R Jones, MI Heggie and JP Goss
Physical Review Letters
95
139601
2005

Recently, Miranda et al. [1] introduced a new model for the platelet in diamond based on a a/4[110] shear of (001) planes. The shear produces a stacking fault whereby the normal [001] stacking of AaBbAaBb, etc. becomes AaaAbBaA. The a/4[110] shear is not equivalent to the addition of a (001) plane of interstitials which until now has been the basis for platelet models. After the a/4[110] shear across the (001) plane, atoms connecting the two a planes have coplanar neighbor bonds and are thus double bonded. The π-bonding orbitals so formed are separated from others by the second neighbor distance in diamond (2.5Å).
We believe there is ample evidence in the literature which rules out the model of Miranda et al. and at the same time strongly supports a model based on a (001) layer of carbon interstitials which had been proposed long ago [2–4] and had recently been supported by first principles modeling studies [5].
(1) Electron microscopic studies [3,6] have shown that the displacement vector of the platelet is normal to the [001] habit excluding a a/4[110] shear. Indeed, Humble, on page 70 of Ref. [3], specifically comments that his data exclude such a shear. This immediately rules out the stacking fault model.
(2) The displacement caused by the fault along (001) is not the length of the π-bond (1.35Å), as claimed in Ref. [1], but the difference between this bond length and the normal C–C spacing along [110]; i.e., the displacement is 0.129a and consequently far from the measured value of 0.3a–0.4a [3].

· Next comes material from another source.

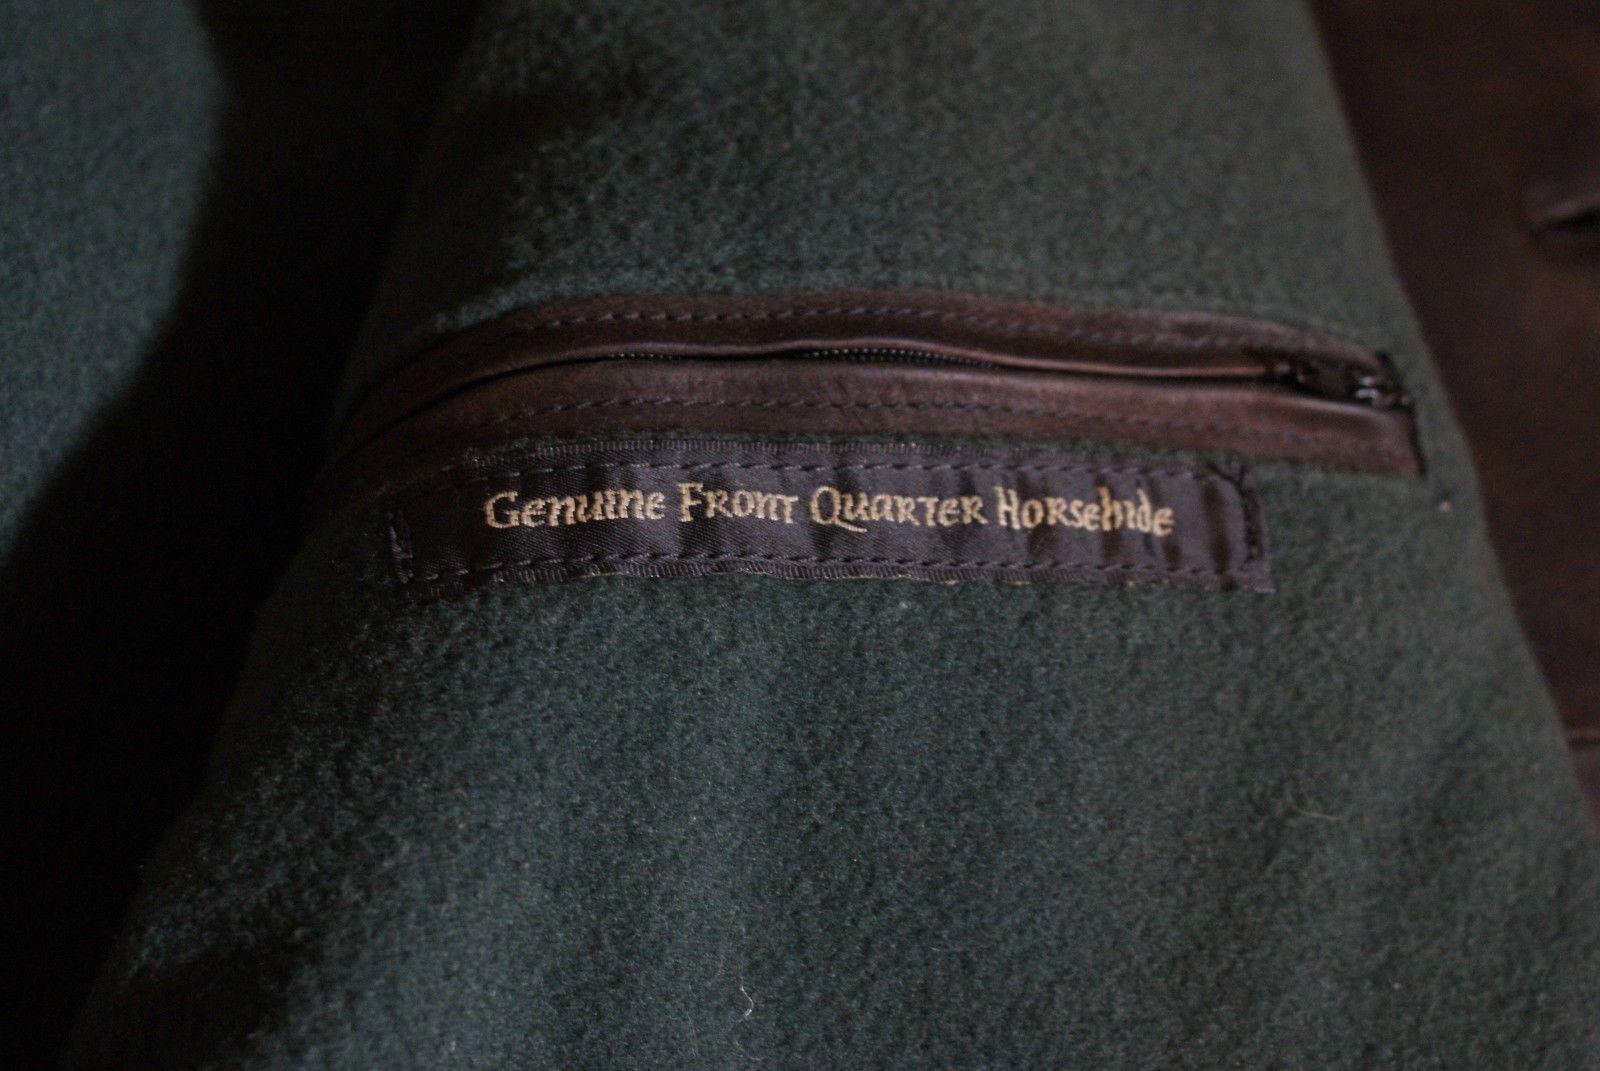 Vintage-Genuine-Front-Quarter-Horsehide-Leather-Work-Coat-_574.jpg
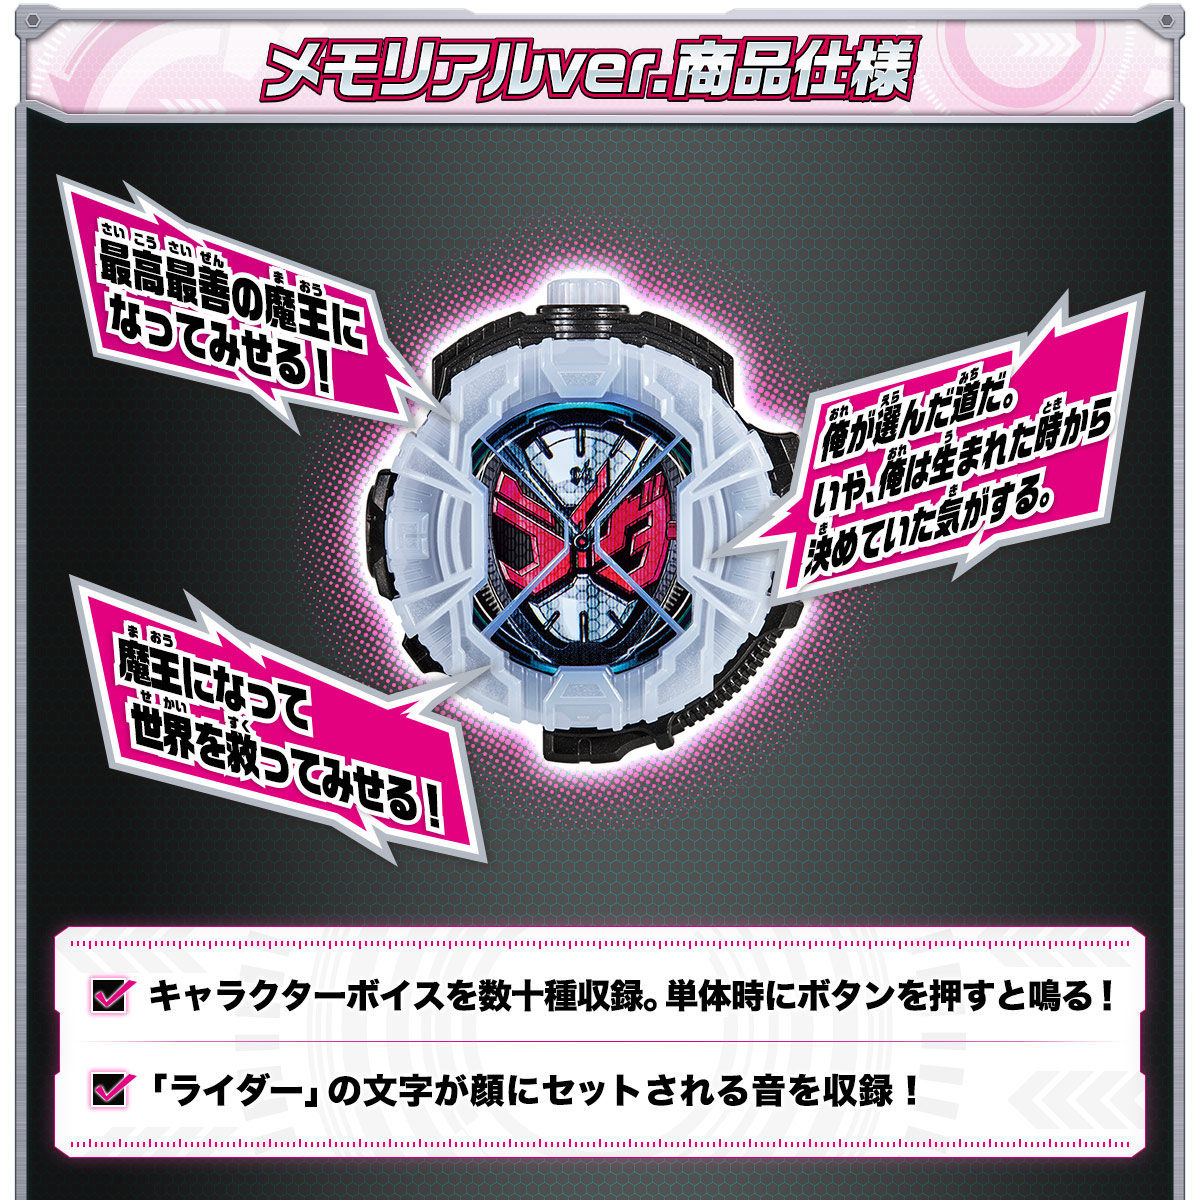 【限定販売】仮面ライダージオウ『DXメモリアルライドウォッチセット』変身なりきり-004

(3) Platelets are formed in heat treated type-I, nitrogen-rich diamonds and there is a linear relationship observed between the platelet area and the concentration of certain vacancy-nitrogen complexes [2]. This is easily explained by a model where the platelet contains an additional (001) layer of carbon interstitials but has no direct link with the stacking fault model which does not contain any additional atoms.
(4) The [110] and [11̅0] directions in the a/4[110] stacking fault possess distinct bonding patterns. This non-equivalence would lead to platelets being elongated along one of these directions. In fact, observations show platelets possess only a slight asymmetry between the two directions [7].
In conclusion, the model of Miranda is inconsistent with much of the experimental literature on the platelet, whereas the interstitial model introduced by Humble [3] and Woods [4] and supported by ab initio studies by Goss [5] explains most of the current data.

  1. C. R. Miranda, A. Antonelli, and R. W. Nunes, Physical Review Letters 93, 265502 (2004).
  2. G. S. Woods, Philos. Mag. 34, 993 (1976).
  3. P. Humble, Proc. R. Soc. A 381, 65 (1982).
  4. G. S. Woods, Proc. R. Soc. A 407, 219 (1986).
  5. J. P. Goss, B. J. Coomer, R. Jones, C. J. Fall, P. R. Briddon, and S. Öberg, Physical Review B 67, 165208 (2003).
  6. P.B. Hirsch, P. Pirouz, and J.C. Barry, Proc. R. Soc. A 407, 239 (1986).
  7. P. J. Fallon, L. M. Brown, J. C. Barry, and J. Bruley, Philos. Mag. A 72, 21 (1995).